Miraculously, the stranglehold of booze was broken over him and Stace was finally able to keep a job. A few months later, he heard a noted “give ‘em hell” preacher named John Ridley. During his sermon, Ridley shouted: “Eternity! Eternity! I wish I could shout Eternity through all the streets of Sydney.”

Those words reverberated through Stace. “Suddenly I began crying and I felt a powerful call from the Lord to write, ‘Eternity,’” he testified. “I had a piece of chalk in my pocket and I bent down and wrote it. The funny thing is that before I wrote it I could hardly write my own name. I had no school and I couldn’t have spelled ‘eternity’ for a hundred quid. But it came out smoothly, in a beautiful copperplate script. I couldn’t understand it, and I still can’t.”

According to the profiles of Stace, he arose early in the morning throughout his life and, after praying for an hour or so, would leave his home before 5:30 a.m. and return by 10:00 a.m., after having written Eternity in various locations around Sydney.

For many years it was an unsolved Australian mystery regarding who was writing the word all over the place. It was not until 1956 that Stace was discovered by his pastor while he was scribbling the word on the sidewalk. “Are you Mr. Eternity?” the pastor asked. “Guilty your honor,” Stace replied. The identity of “Mr. Eternity” was made public on June 21, 1956, when the Sunday Telegraph published an interview with Stace.

He died 11 years later at the age of 83. A few years after his death, Australian poet Douglas Stewart remembered Stace in the following verse:

“That shy mysterious poet Arthur Stace
Whose work was just one single mighty word
Walked in the utmost depths of time and space
And there his word was spoken and he heard
ETERNITY, ETERNITY, it banged him like a bell
Dulcet from heaven sounding, sombre from hell.”

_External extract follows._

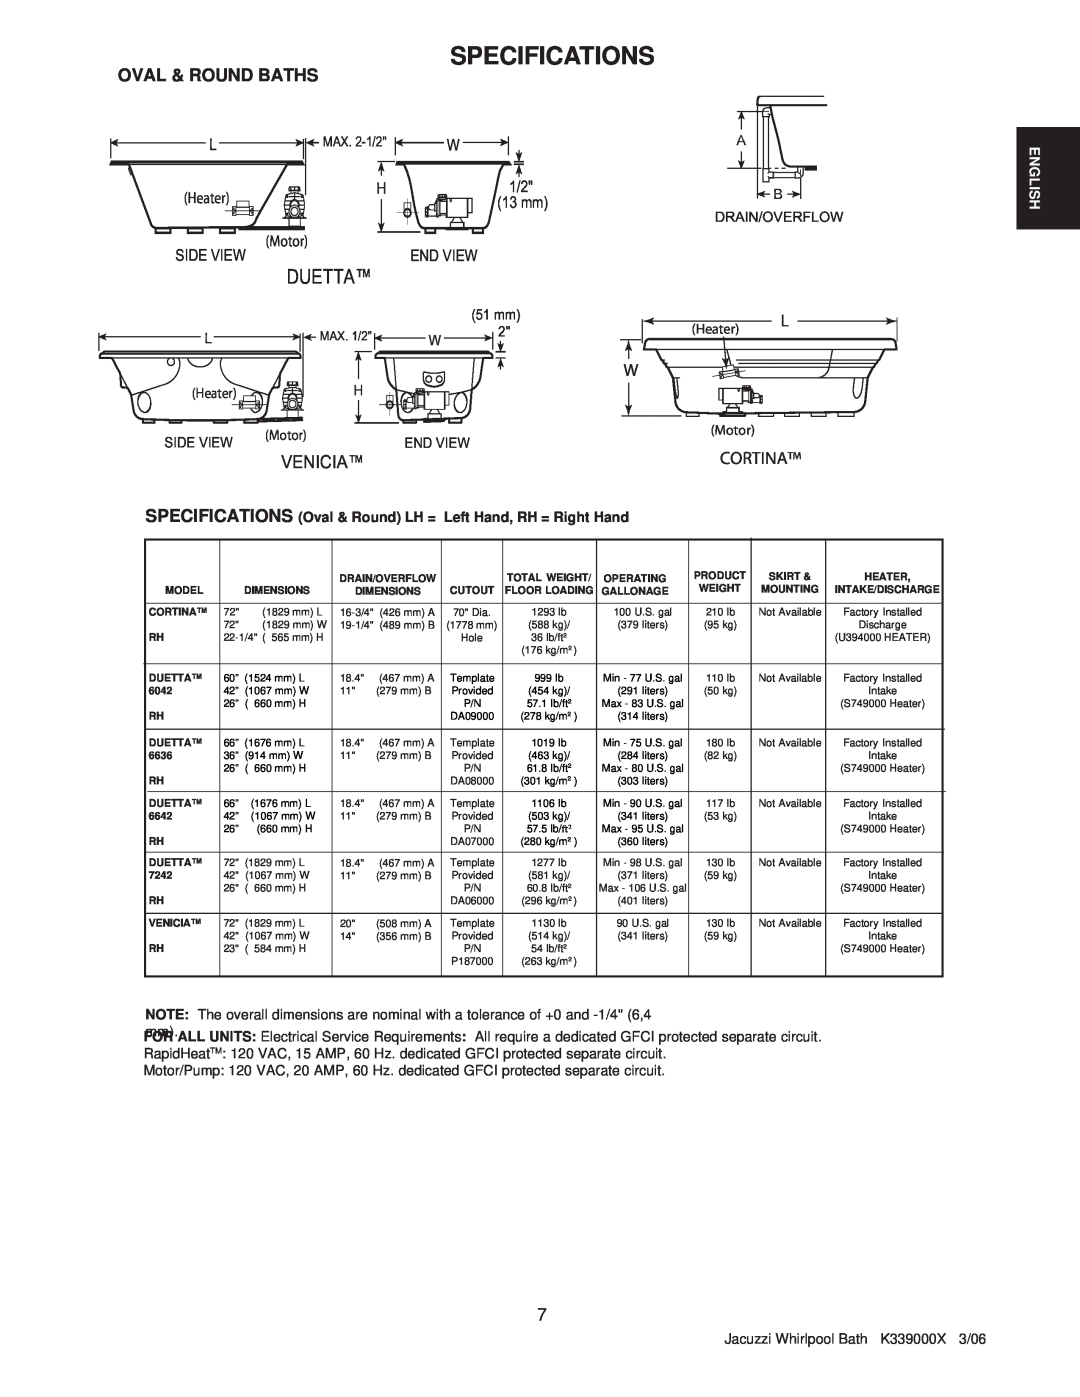 Jacuzzi K339000X manual Specifications, Cortina, Heater, Motor, SPECIFICATIONS Oval & Round LH = Left Hand, RH = Right Hand

That is a fitting tribute to a man who captured the imagination of a nation with a singular, weighty message. As The Age editorialized: “Without asking for reward or recognition, he achieved what many artists long to do: the expression of his singular obsession is to be taken out of the shadows and placed before the public in blazing lights.”

The writer of Ecclesiastes said it well, “He (God) has made everything beautiful in its time. He has also set eternity in the hearts of men; yet they cannot fathom what God has done from beginning to end” (3:11). The Arthur Staces of this world have been sent to remind us of the unfathomable joy that we may discover in the presence of a merciful God – and how we might begin that journey from this side of eternity.

Madeline L’Engle once wrote that “poets are born knowing the language of angels.” In this case, perhaps, Arthur Stace learned the dialect of the divine when he reached in his pocket and took hold of his first piece of chalk.

Steve Beard is the editor of Good News.